→ **RECORDS SHOWN**:
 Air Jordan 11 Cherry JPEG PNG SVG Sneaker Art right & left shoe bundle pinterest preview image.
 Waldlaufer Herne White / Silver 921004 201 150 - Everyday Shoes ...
...
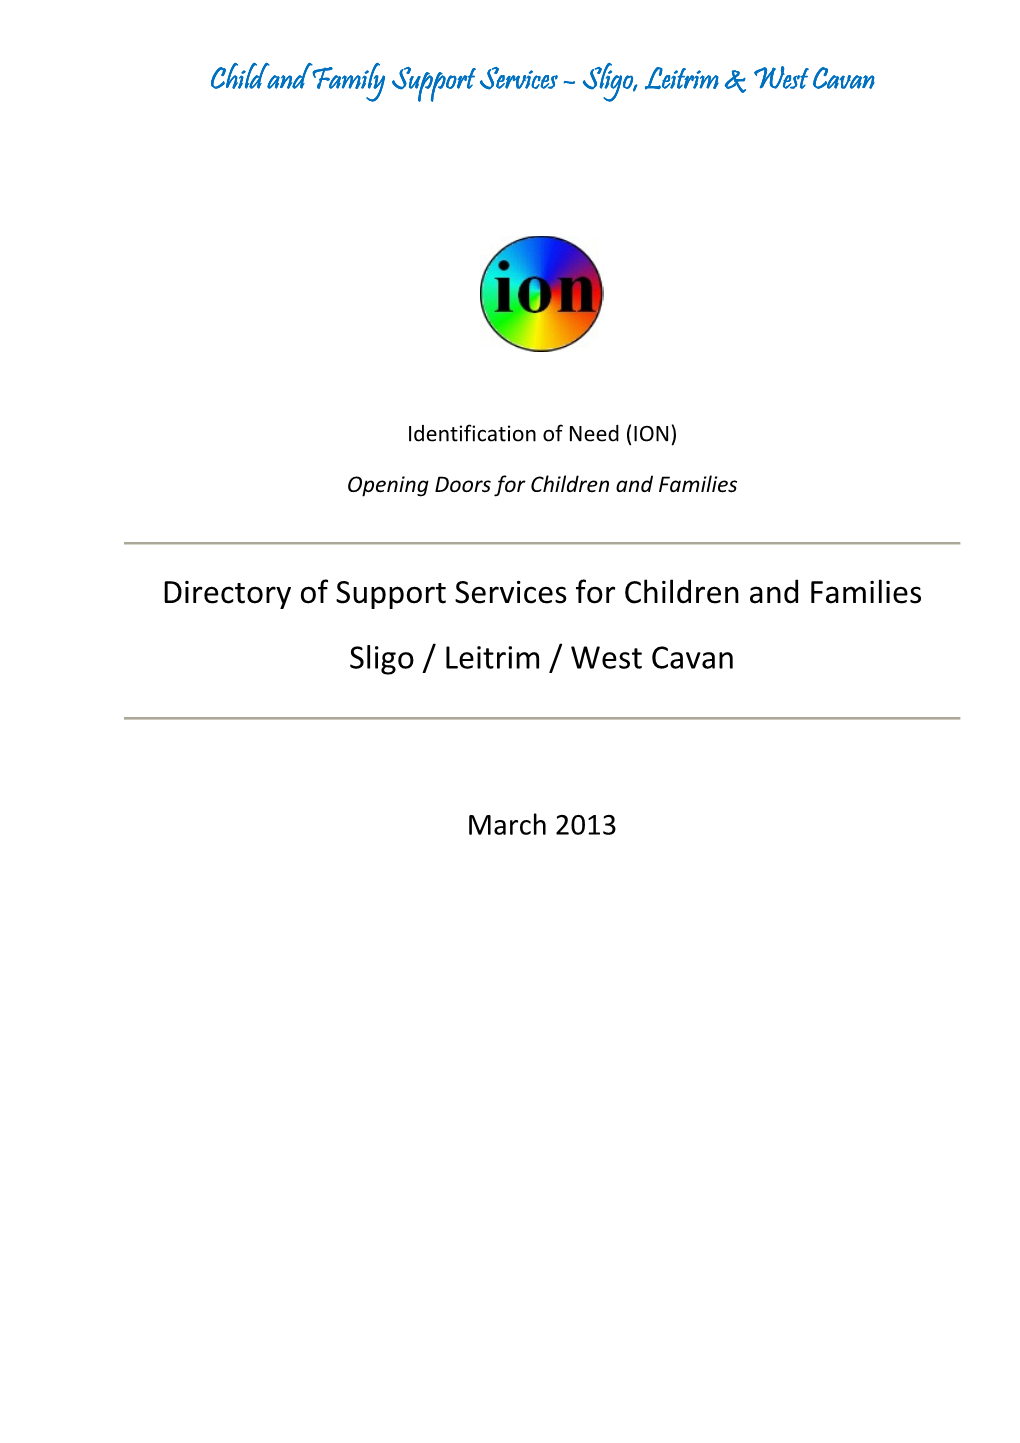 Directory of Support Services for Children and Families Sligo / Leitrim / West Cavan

→ **WHAT YOU SHOULD DO**: Give back precisely the lines above that start at the line containing "Air Jordan 11" and end at the line containing "Waldlaufer Herne White", inclusive. No other lines belong in the output.

→ **EXERCISE ANSWER**:
 Air Jordan 11 Cherry JPEG PNG SVG Sneaker Art right & left shoe bundle pinterest preview image.
 Waldlaufer Herne White / Silver 921004 201 150 - Everyday Shoes ...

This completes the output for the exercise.